When Anita walked in on her boyfriend cheating with one of her friends, she came over to my apartment and cried all night. I made her tea and held her. It was awkward at first, but then I started trash-talking Ahmed. Said really mean things about him, I didn’t even mean some of them. But I knew that, in that moment, she needed to hear those things. As her friend, it was my duty to say these awful things about Ahmed. I don’t know where Anita is now. She wasn’t a good friend to me. She failed me. When it comes to friendship, I have always followed the rituals set by the other party involved. So, when my heart was broken, I went to her. But she told me that all of it was my fault. That I was stupid and immature. I was confused, the cup of tea was there, but where was the vicious verbal assault against Kyle which would have soothed my soul? Much later on I found out that Anita thought that I was slutty and a bad influence, and that she actually encouraged Kyle to end things with me.

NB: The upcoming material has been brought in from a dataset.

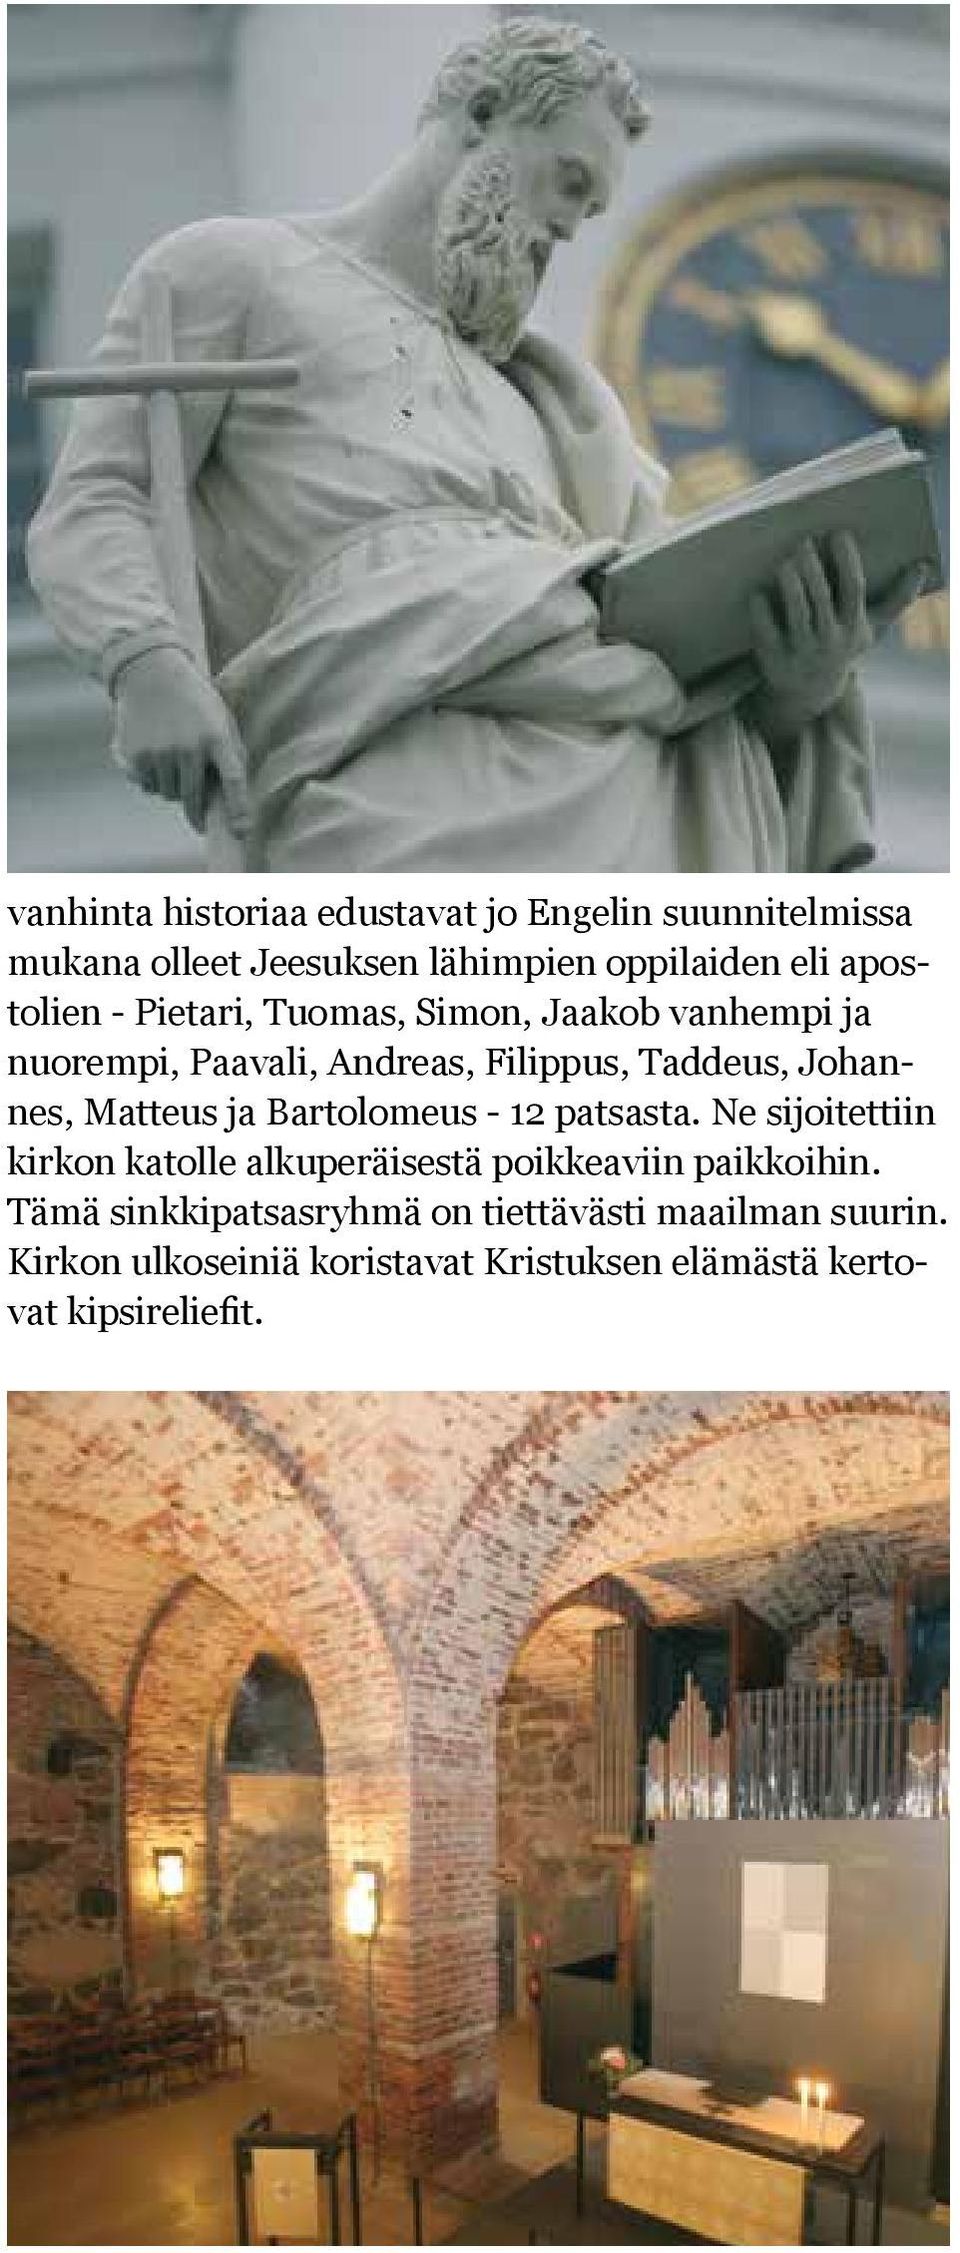 Matteus ja Bartolomeus - 12 patsasta. Ne sijoitettiin kirkon katolle alkuperäisestä poikkeaviin paikkoihin.

Moral of the story, it’s hard to communicate with other people. Hard to understand them. Why did Anita do the things she did? Did I misunderstand her? Has she forgotten about our great adventures gallivanting across Europe? Does she also fondly remember those times, like I do? Her face is blurry, sometimes interchangeable with other friends I made and lost, but those memories are still fresh.
I have forgiven Anita and all the others for the mistakes and the betrayals. They have taught me an invaluable lesson:
I am not a people person. I am awkward and disagreeable in most of my interactions with other humans.
However, I feel like life is a series of contradictions and human nature is such that we can conveniently rationalize these seemingly inconsistent patterns of behavior by any means necessary. So, while I just claimed that I don’t necessarily care much for people, I must admit that I am continually amazed by them. I am very curious about human nature. The problem is that the moment I seem to have an epiphany about my fellow human beings and try to fit them into neat little patterns, someone does something to upset my carefully constructed theory.
Thus, I have come to the conclusion that friendship is highly overrated. But I really want someone to prove me wrong. Despite my evident apathy towards friendship, I secretly wish that someday, someone would challenge me and tell me that I am wrong.